For this exercise, return only the lines in the records below from the one holding "How much should" through the one holding "Triad Foot & Ankle Center", including both, exactly as they appear and without pictures.

**Source information:**

━━━━━━

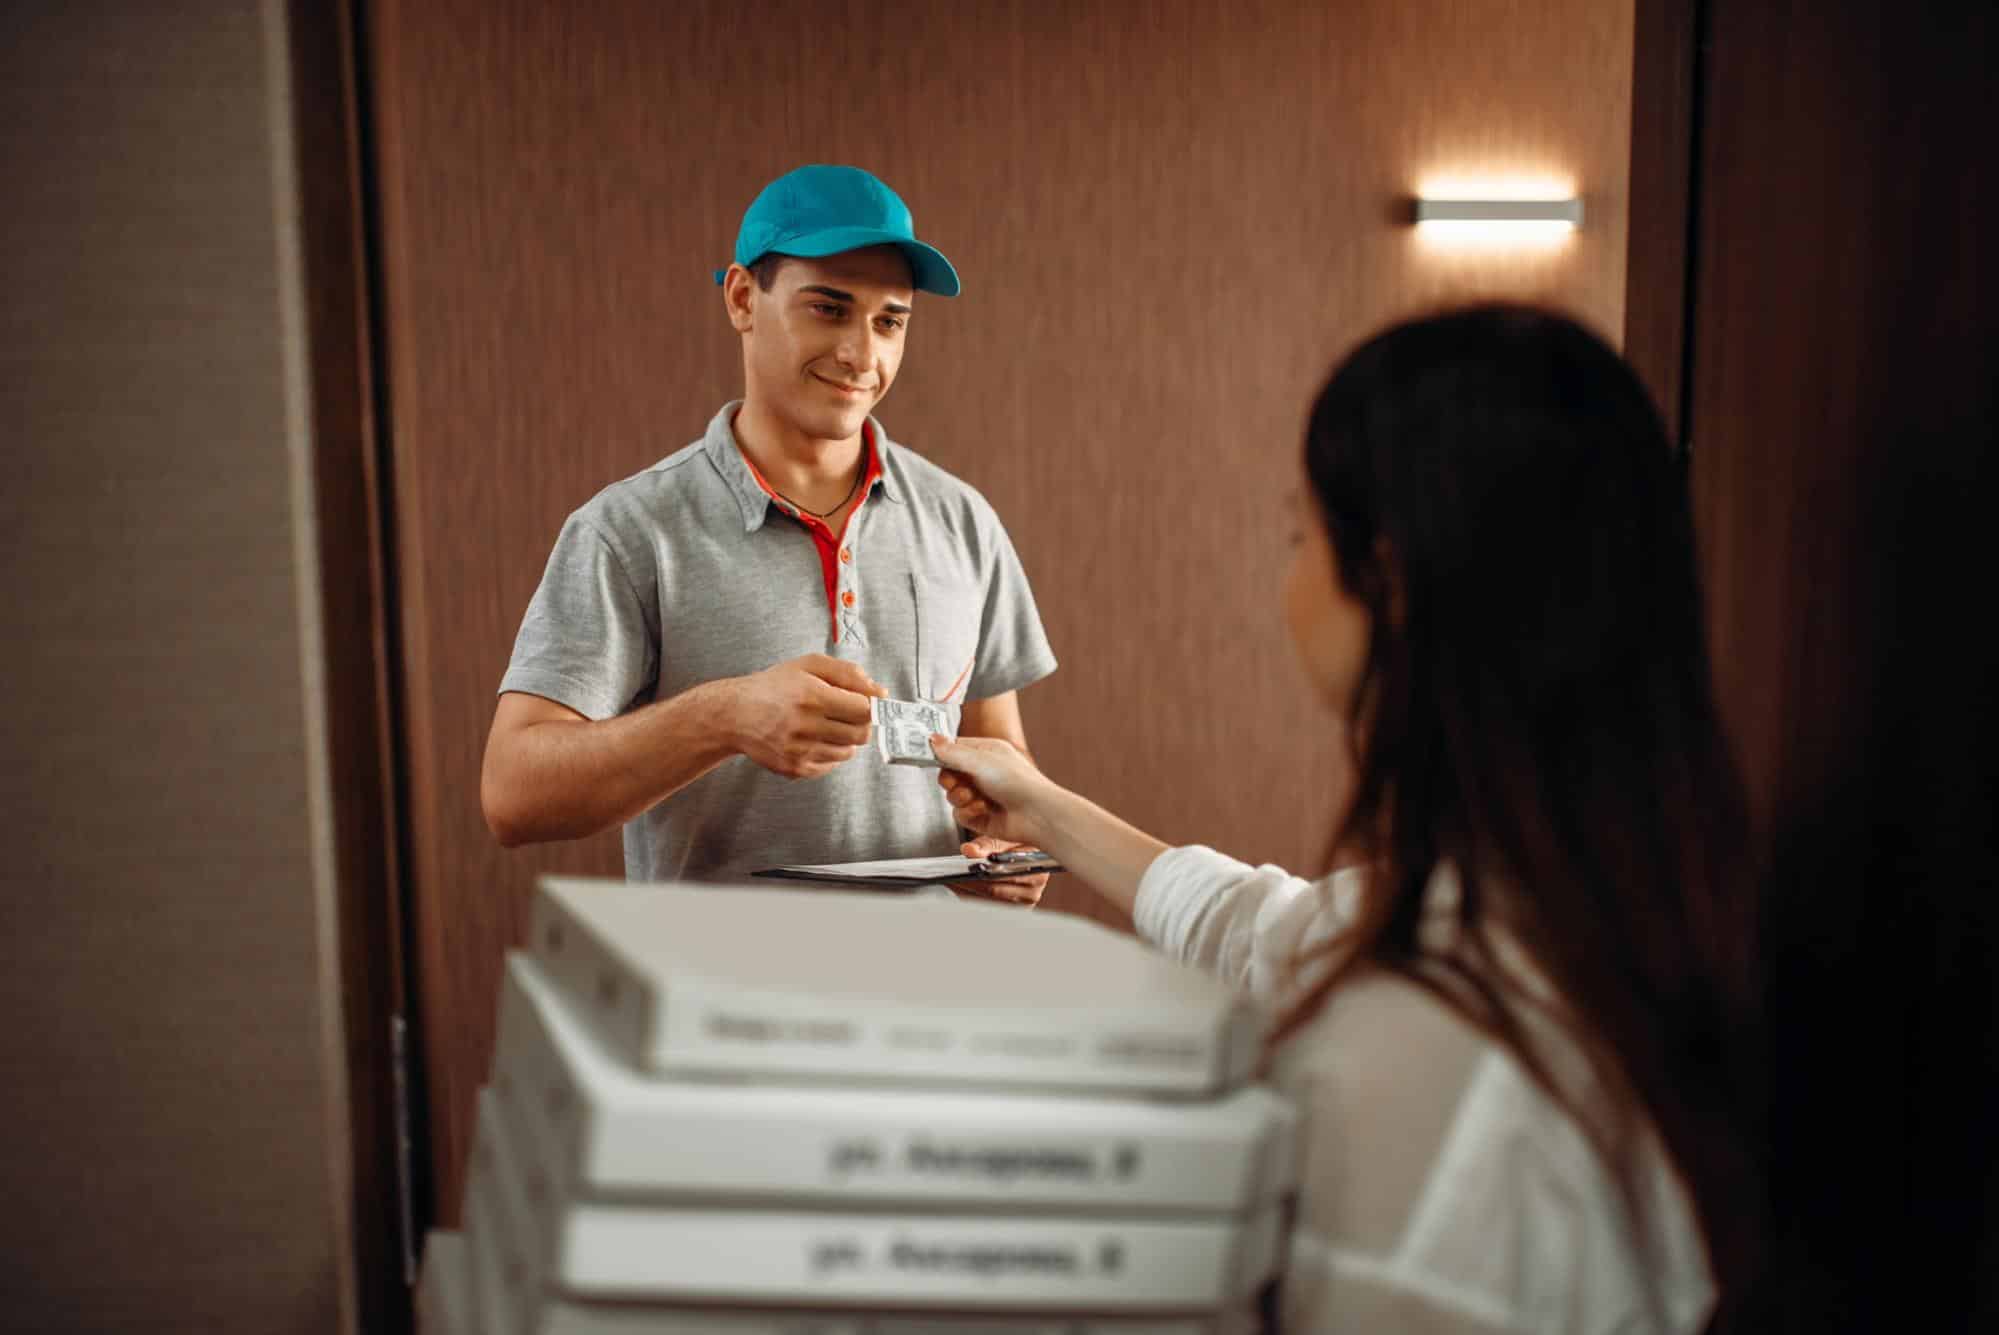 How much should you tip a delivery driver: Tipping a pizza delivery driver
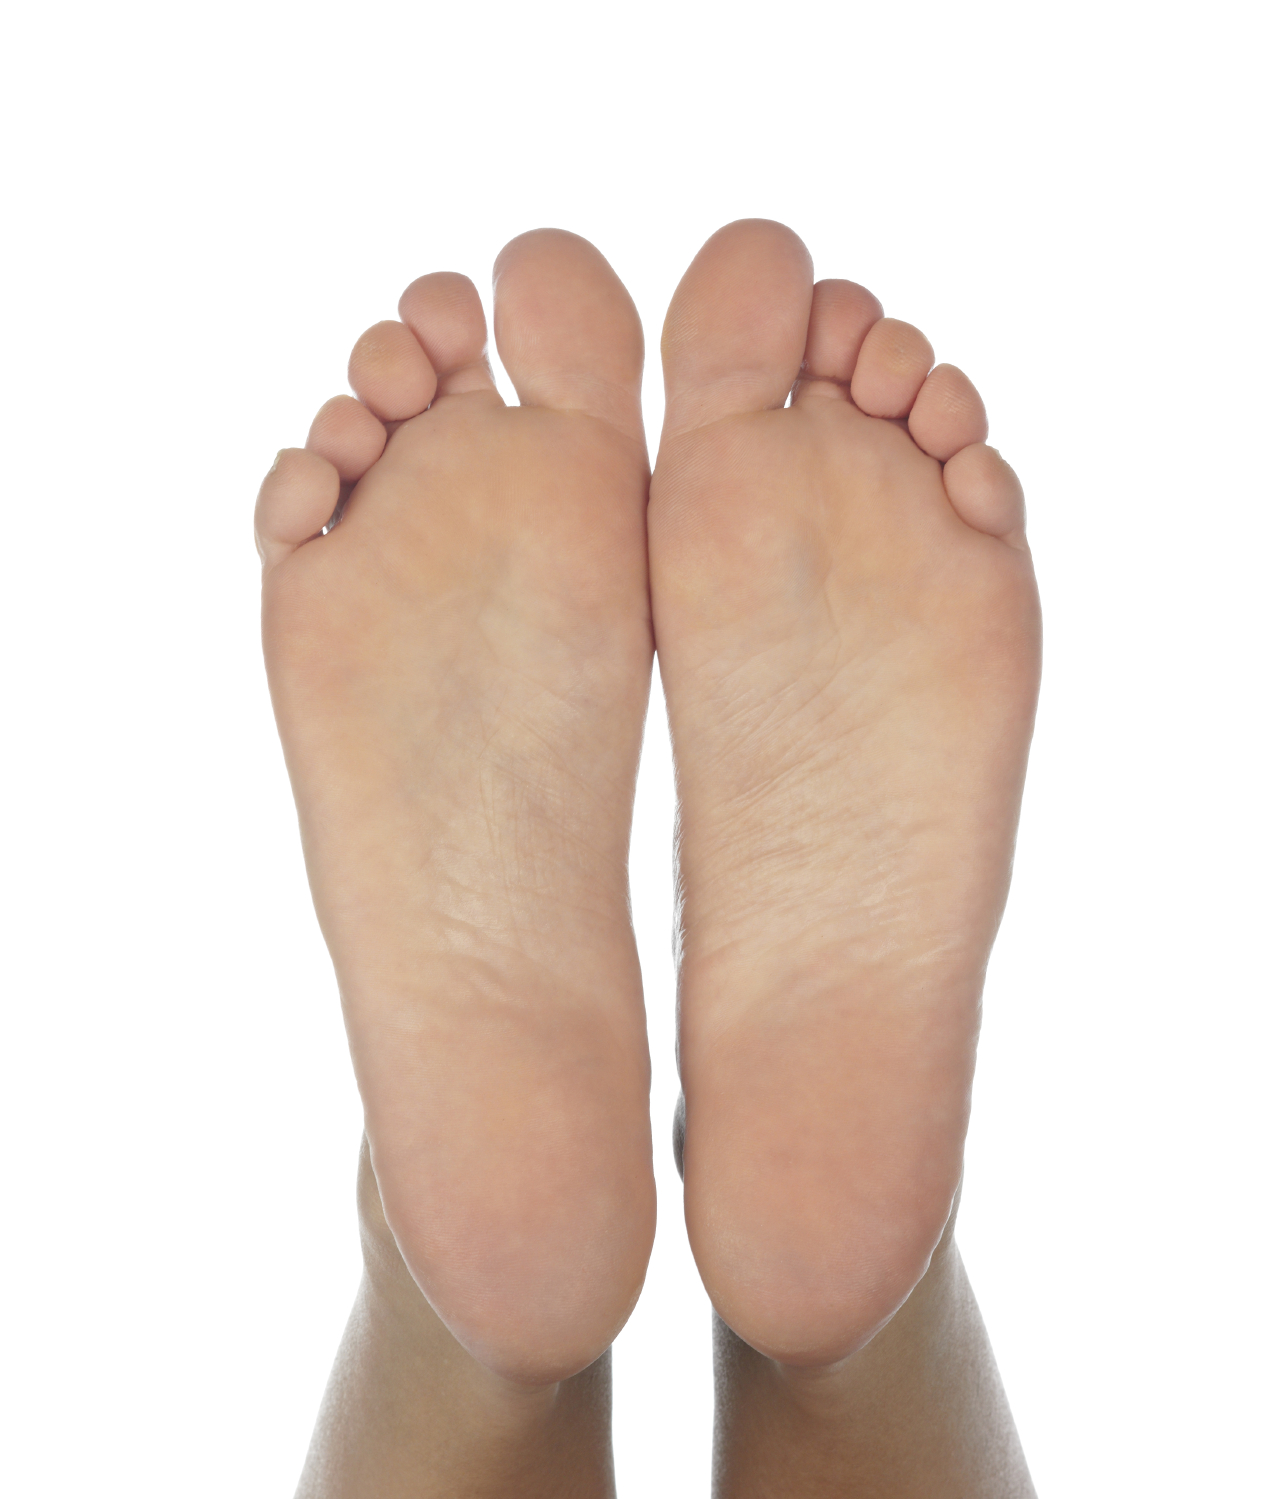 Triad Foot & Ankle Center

━━━━━━

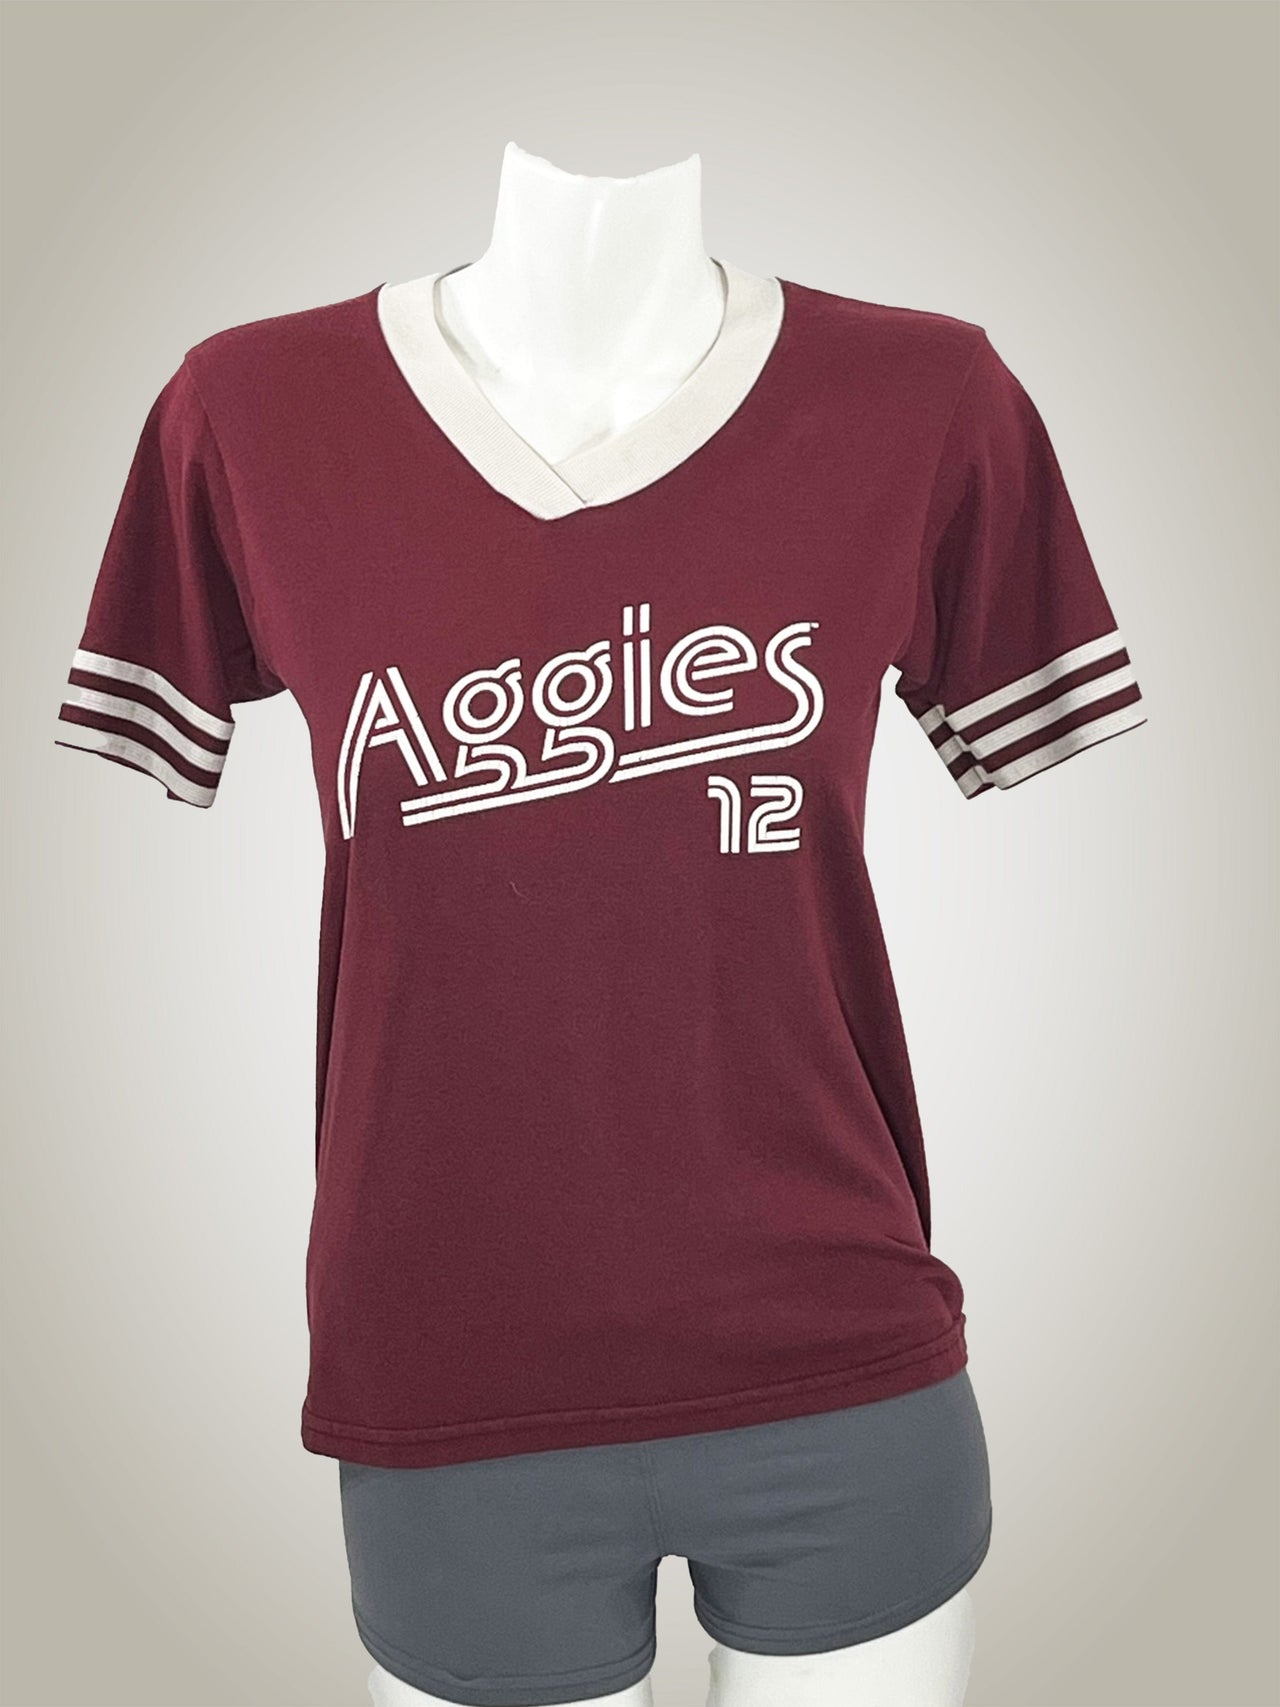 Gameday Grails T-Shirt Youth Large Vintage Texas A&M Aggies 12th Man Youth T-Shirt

━━━━━━

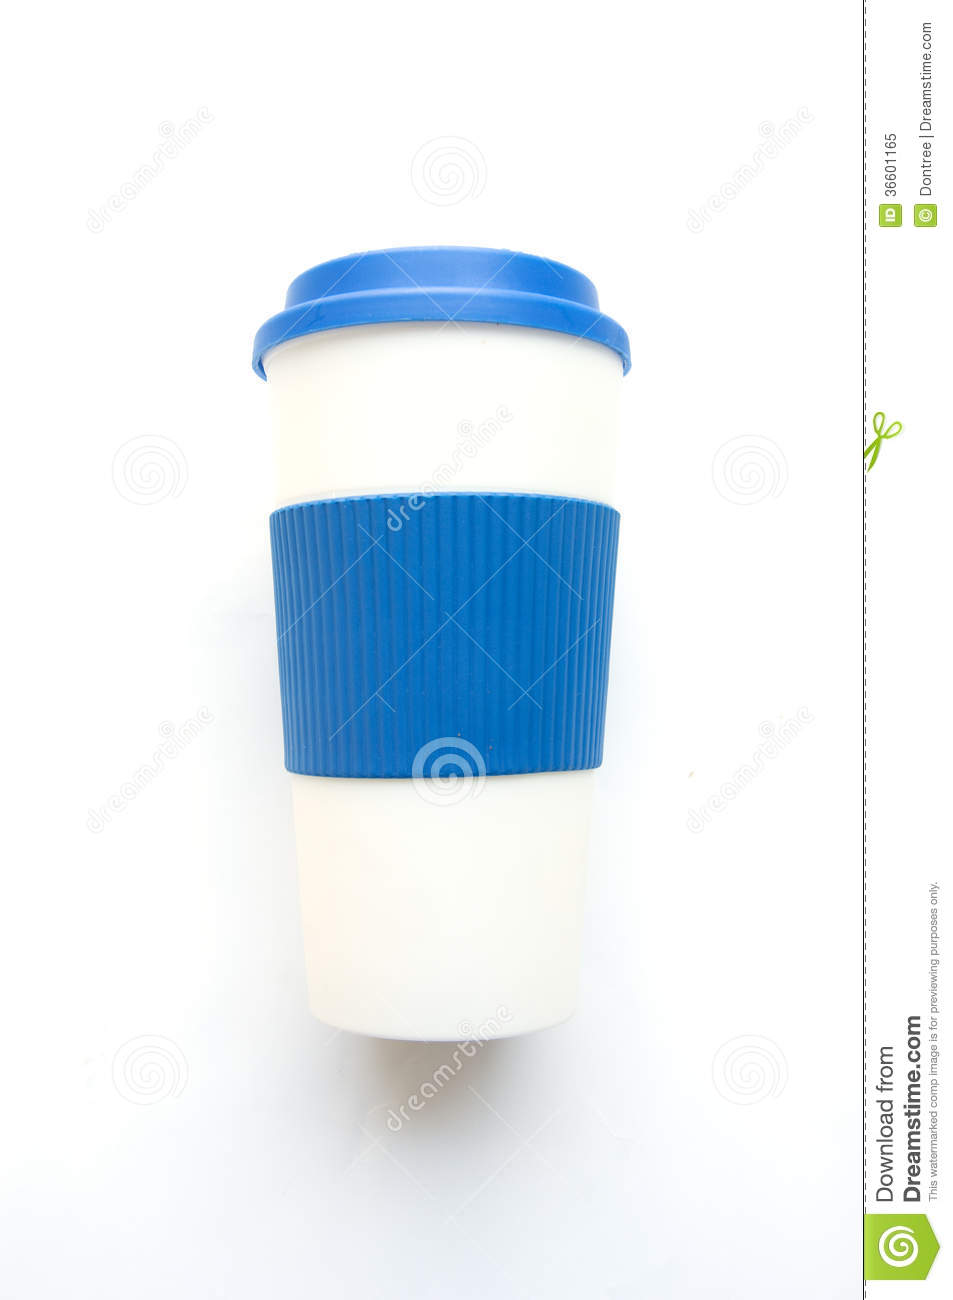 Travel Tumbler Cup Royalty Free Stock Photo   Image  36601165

━━━━━━

**Answer area:**
 How much should you tip a delivery driver: Tipping a pizza delivery driver
 Triad Foot & Ankle Center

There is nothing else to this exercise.